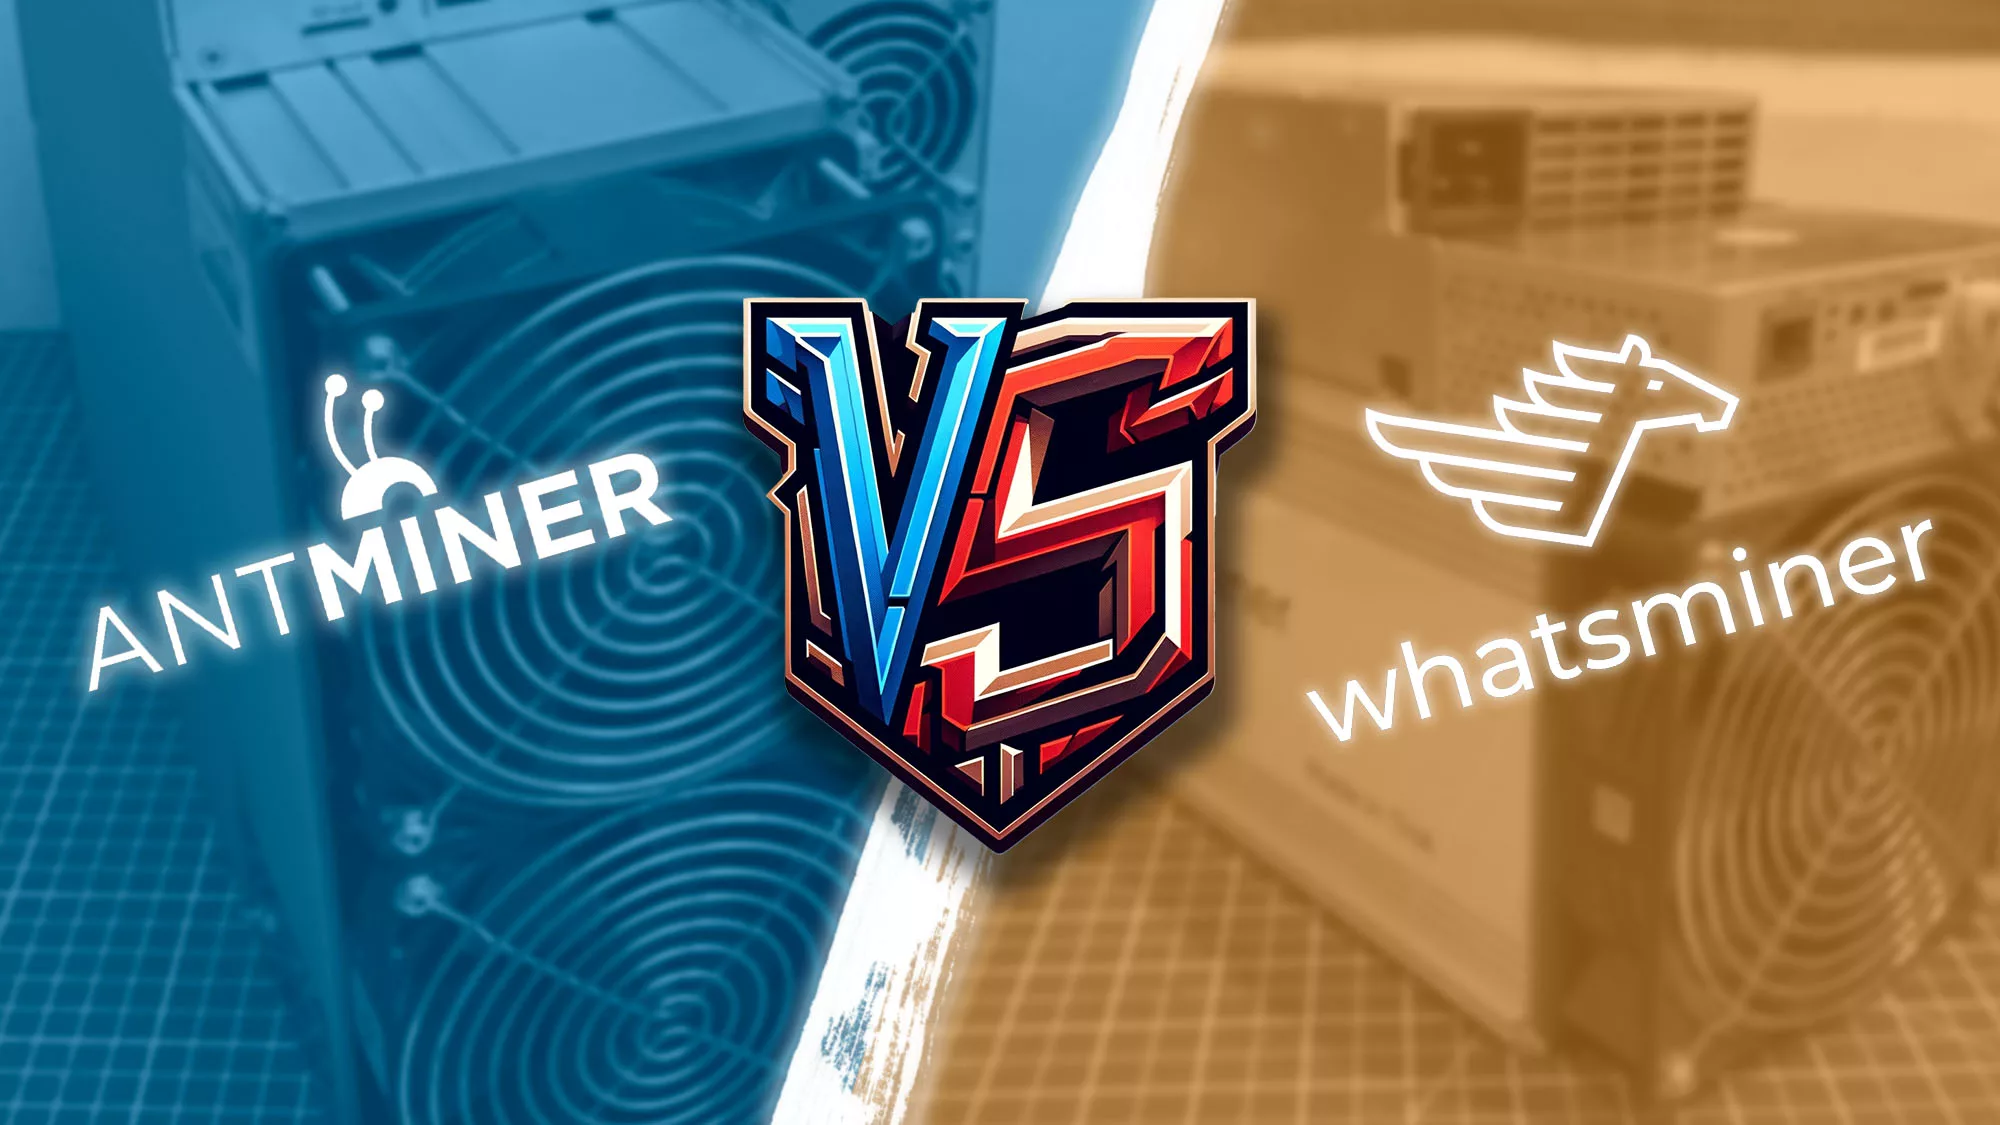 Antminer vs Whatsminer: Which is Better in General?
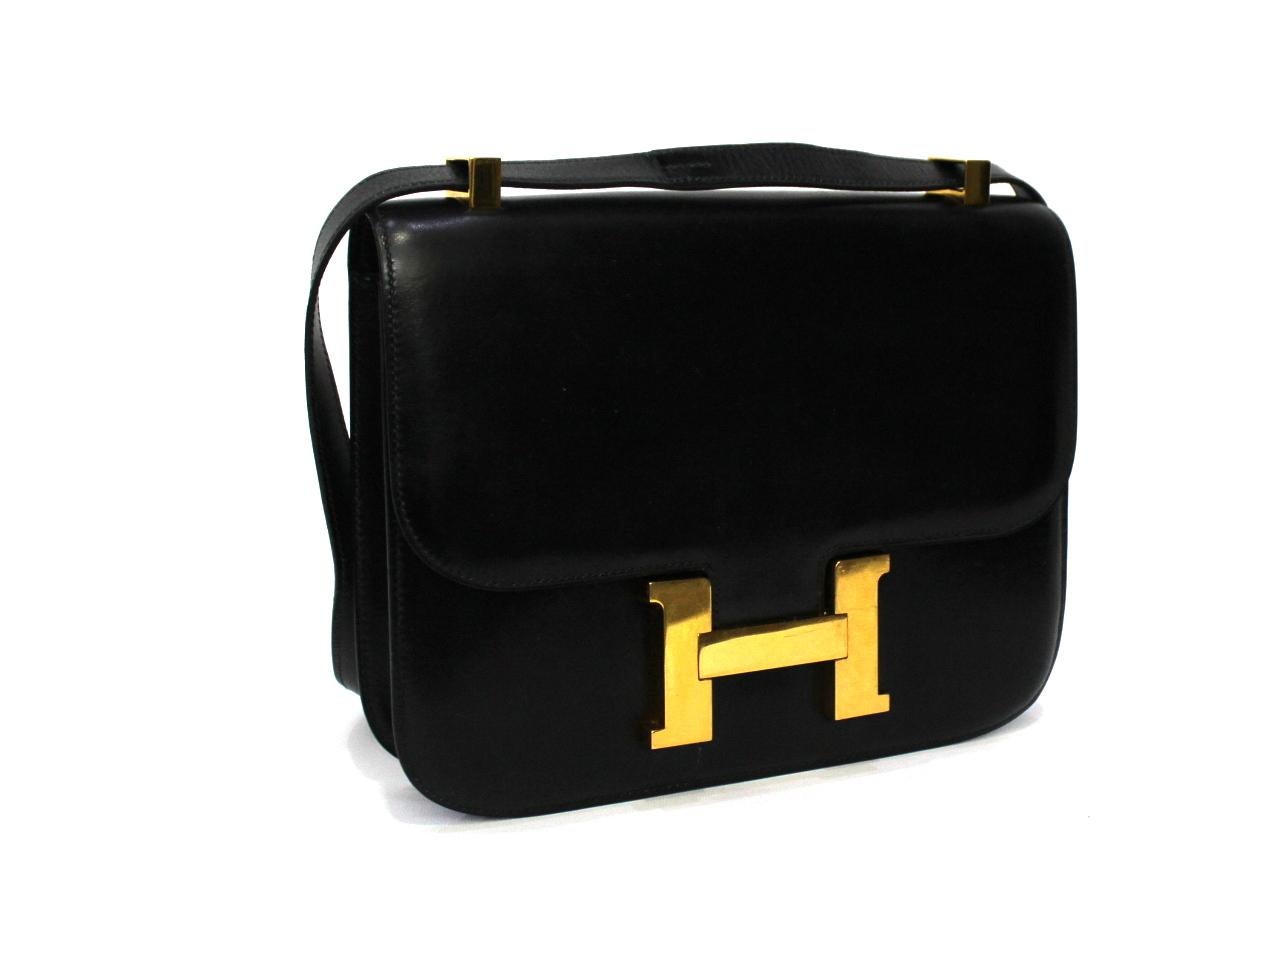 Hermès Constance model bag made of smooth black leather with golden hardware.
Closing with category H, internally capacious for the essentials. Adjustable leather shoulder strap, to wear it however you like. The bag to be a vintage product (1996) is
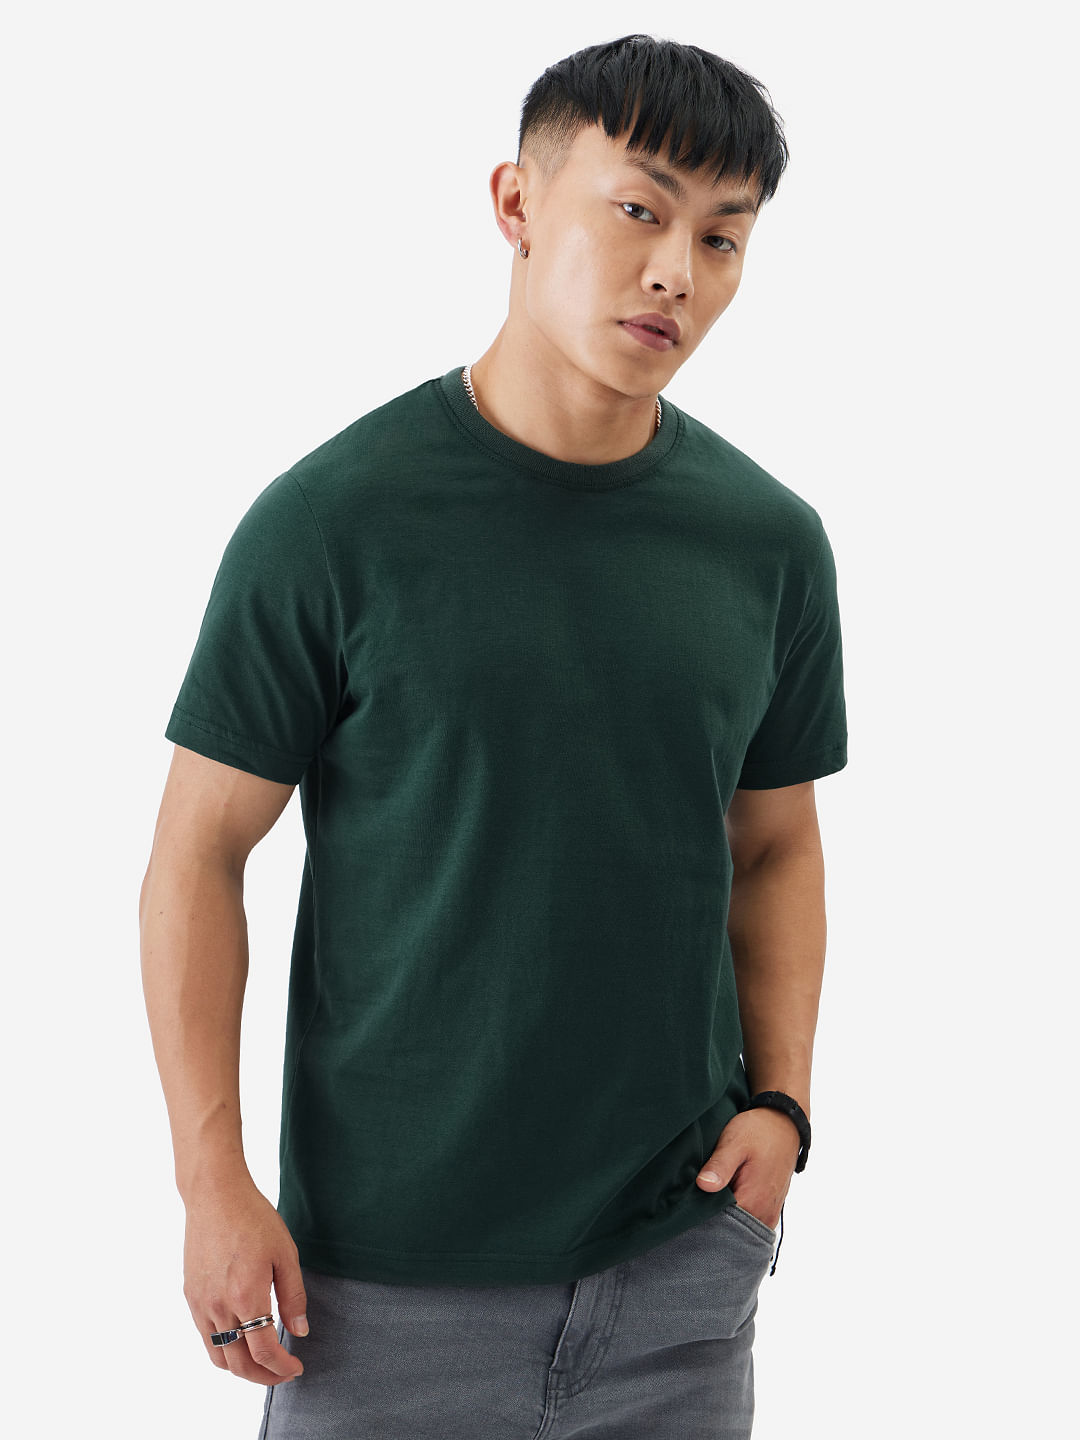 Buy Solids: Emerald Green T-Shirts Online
● ● ● ● ● ● ●
### EXERCISE PROMPT
The lines above should be transcribed exactly, with every image removed.

### EXERCISE OUTPUT
 Antminer vs Whatsminer: Which is Better in General?
 Hermès Constance model bag made of smooth black leather with golden hardware.
Closing with category H, internally capacious for the essentials. Adjustable leather shoulder strap, to wear it however you like. The bag to be a vintage product (1996) is
 Buy Solids: Emerald Green T-Shirts Online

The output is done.